Information
- League: Federal Baseball League
- Location: San Diego, California
- Founded: 2005
- Folded: 2011 (reforming for 2023)
- League championships: 1 (GBL, 2005; ASL, 2010)
- Division championships: 1 (GBL California, 2005)
- Former name: San Diego Surf Dawgs (2005–06, 2008–present); Sonora Surf Dawgs (2007, AWL);
- Former league: Golden Baseball League 2005–06;
- Colors: Columbia blue, navy blue, gold, white
- Media: The San Diego Union-Tribune, Yuma Sun

= San Diego Surf Dawgs =

Former independent pro baseball team

The San Diego Surf Dawgs are a professional baseball team based in San Diego, California, that competes in the Federal Baseball League. The team played for two seasons in San Ramon, California, in the Golden Baseball League (GBL), and then in the Arizona Winter League and Arizona Summer League.

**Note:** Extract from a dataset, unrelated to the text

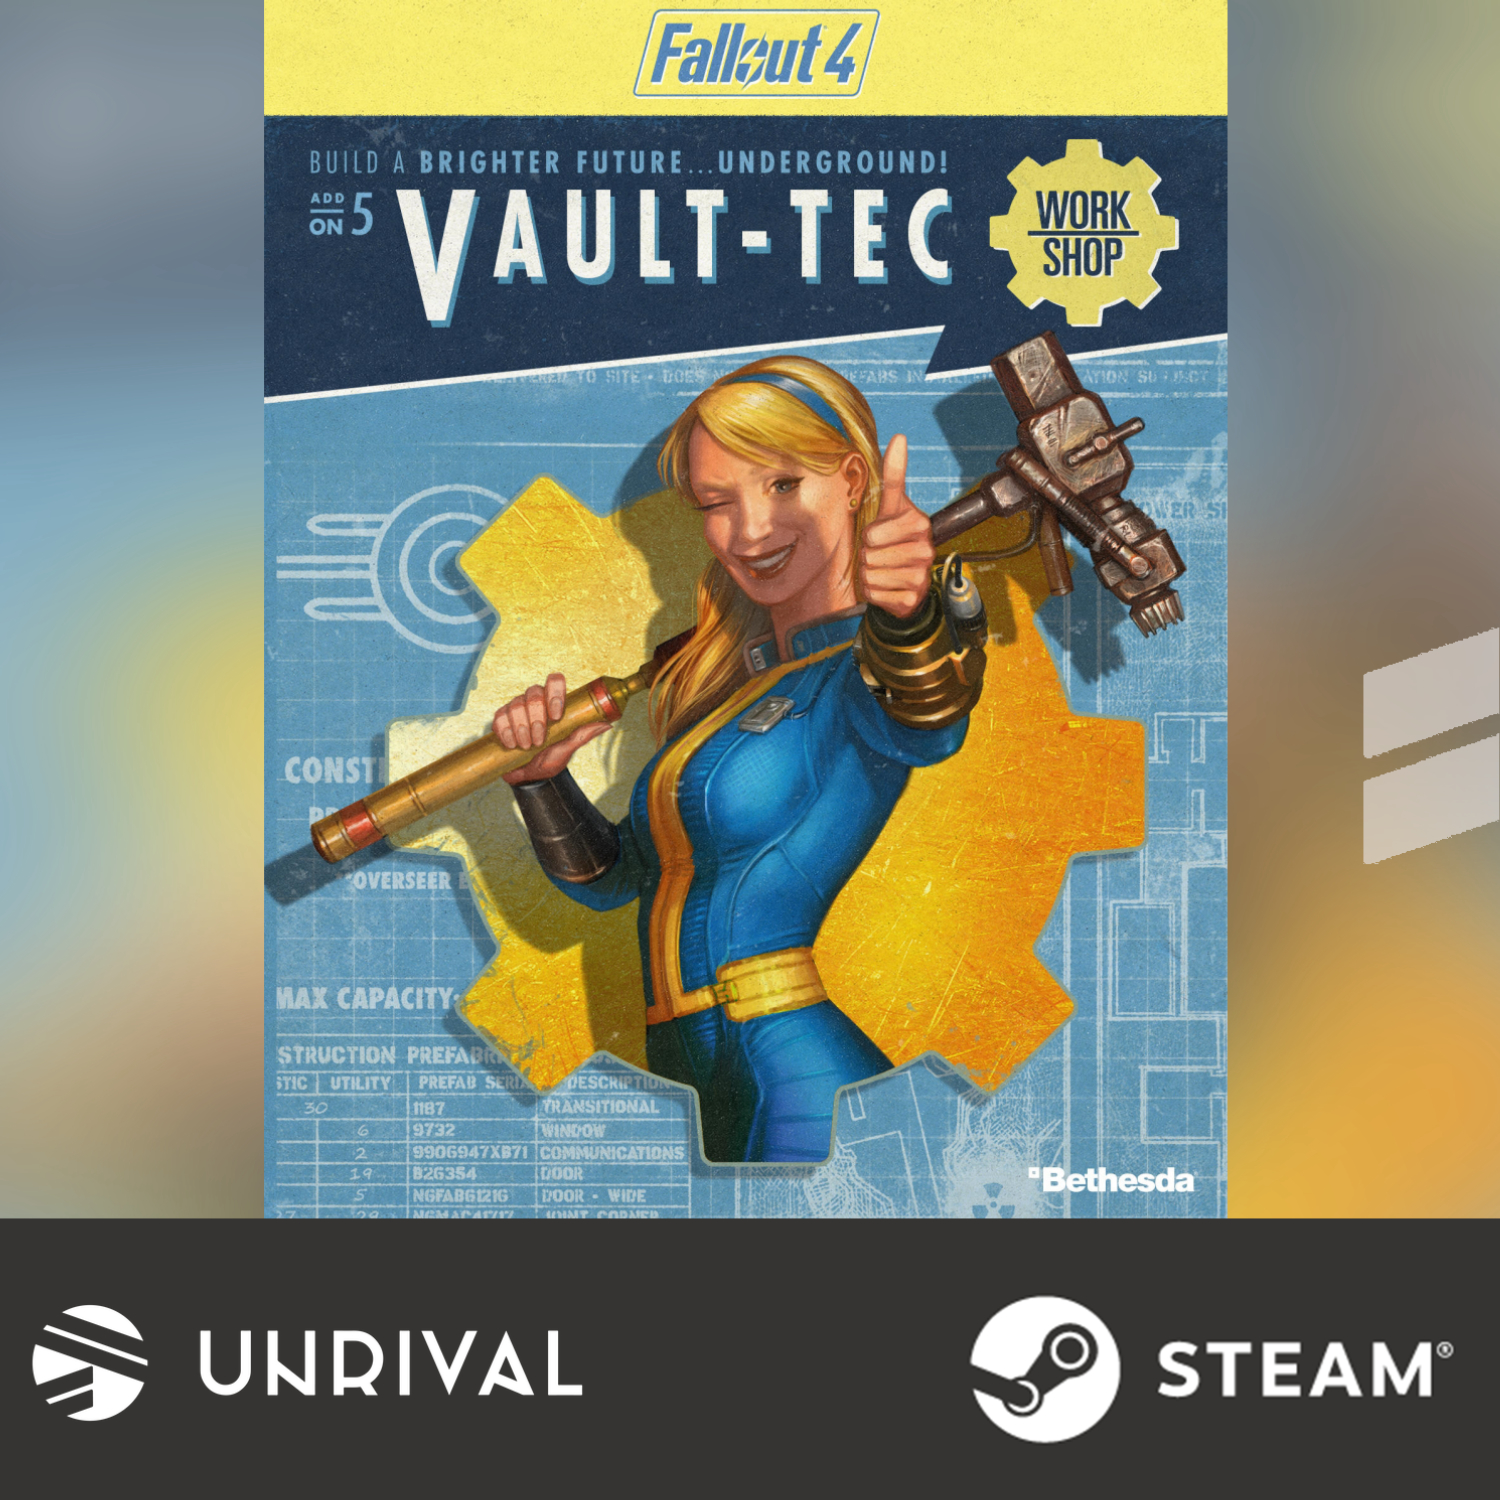 what to do fallout 4 vault tec dlc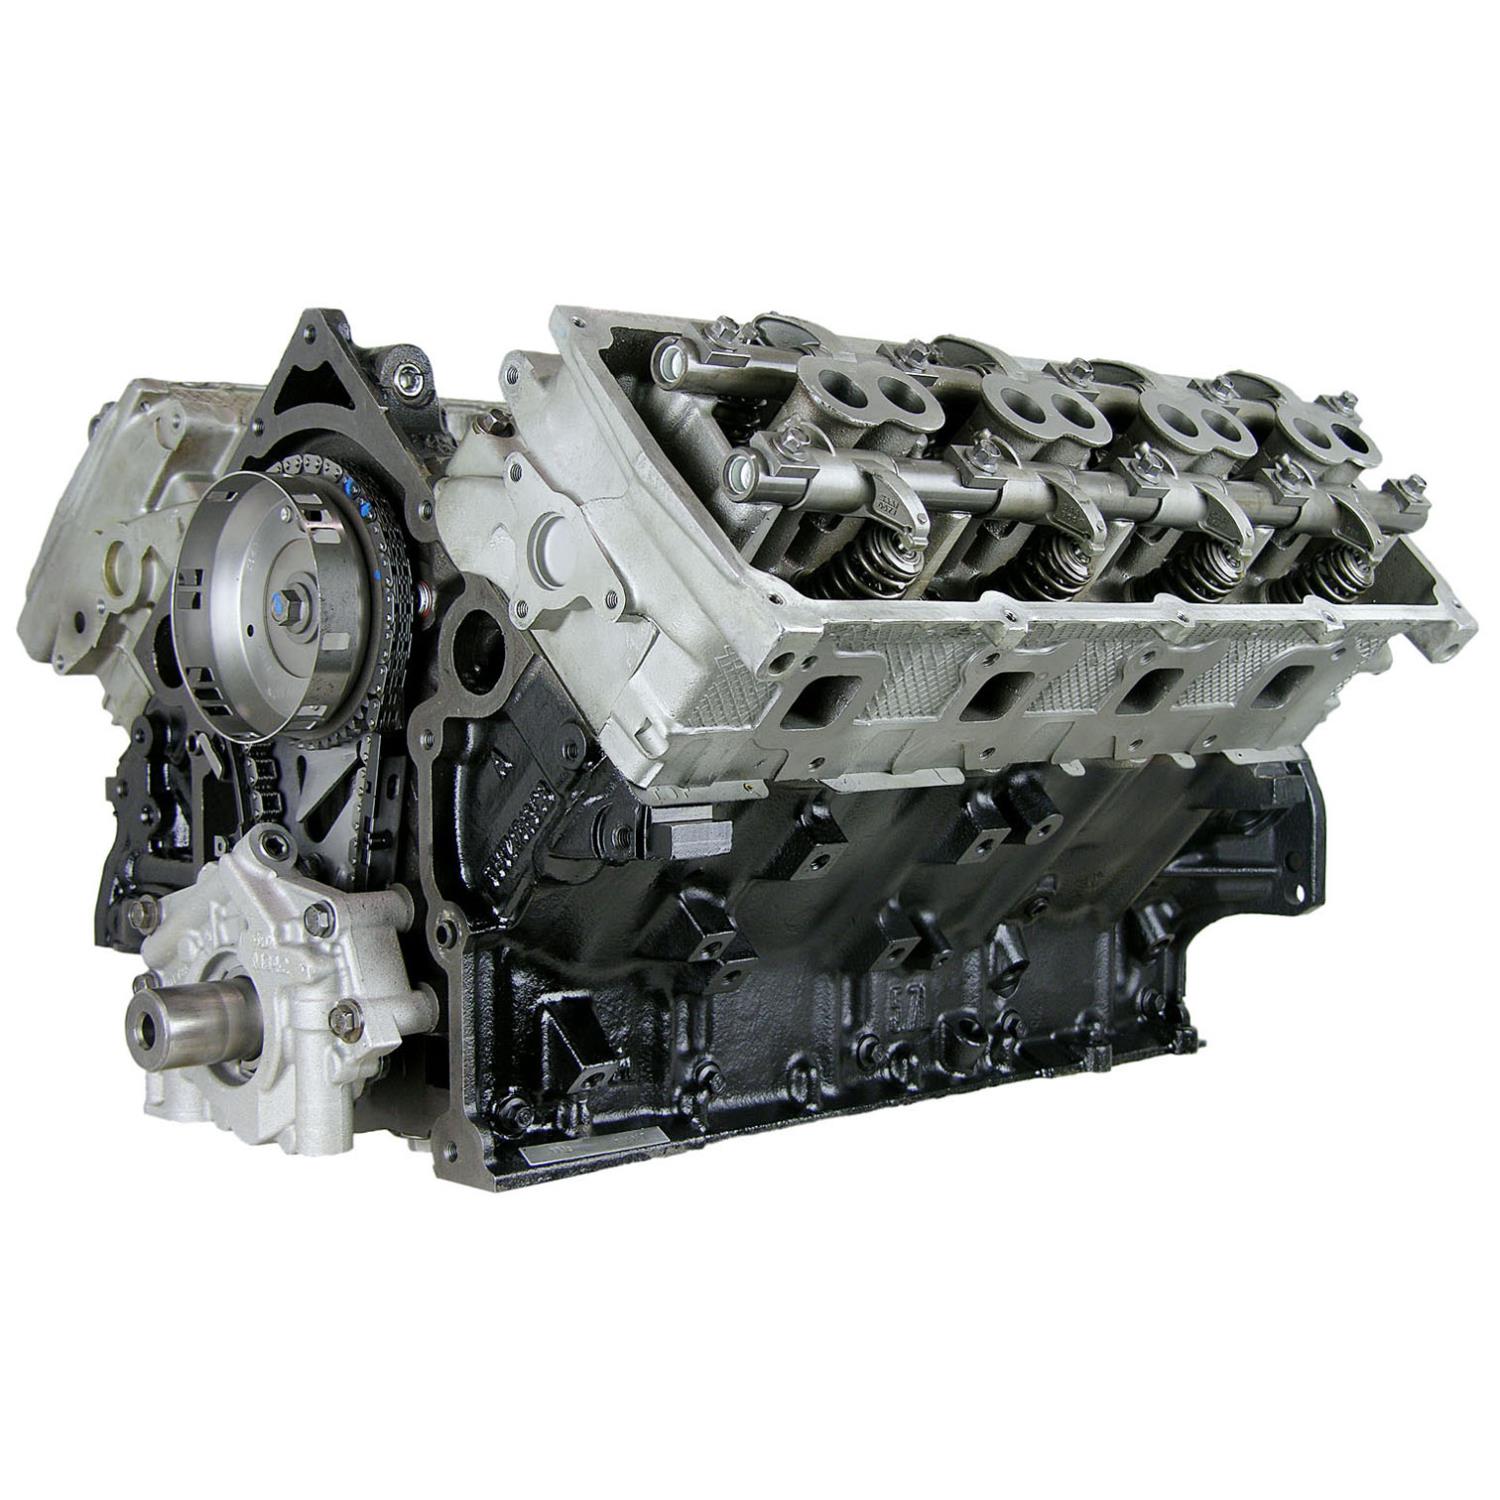 HP103 High Performance Crate Engine 2003-2008 Chrysler Gen III HEMI  5.7L / 400HP / 400TQ

The Surf Dawgs were owned by Diamond Sports & Entertainment, previous owners of the GBL and primary investors in the North American League. In November 2022, it was announced the Surf Dawgs franchise would be revived, as part of a west coast expansion of the Federal Baseball League.

Their home stadiums included Tony Gwynn Stadium on the campus of San Diego State University and Desert Sun Stadium in Yuma, Arizona. The team was the inaugural GBL Champions in 2005, managed by former Tucson Padres manager Terry Kennedy. They won the 2010 ASL Championship.

==Team history==

===Golden Baseball League (2005–2006)===
The Surf Dawgs were one of the eight original GBL charter teams that began play in 2005 along with the Chico Outlaws, Fullerton Flyers and Long Beach Armada in California; Mesa Miners, Surprise Fightin' Falcons and Yuma Scorpions in Arizona and the traveling Japan Samurai Bears. They were known for playing in the same city as a Major League Baseball team, the National League's San Diego Padres.

The signing of Rickey Henderson gave the team national exposure. Former first-round draft pick Matt Wheatland was among five San Diegans on the roster.

The 2005 team won the first ever GBL California Division title, and on Labor Day weekend 2005 they won the inaugural GBL Championship tournament, coming back on the last day to win two games.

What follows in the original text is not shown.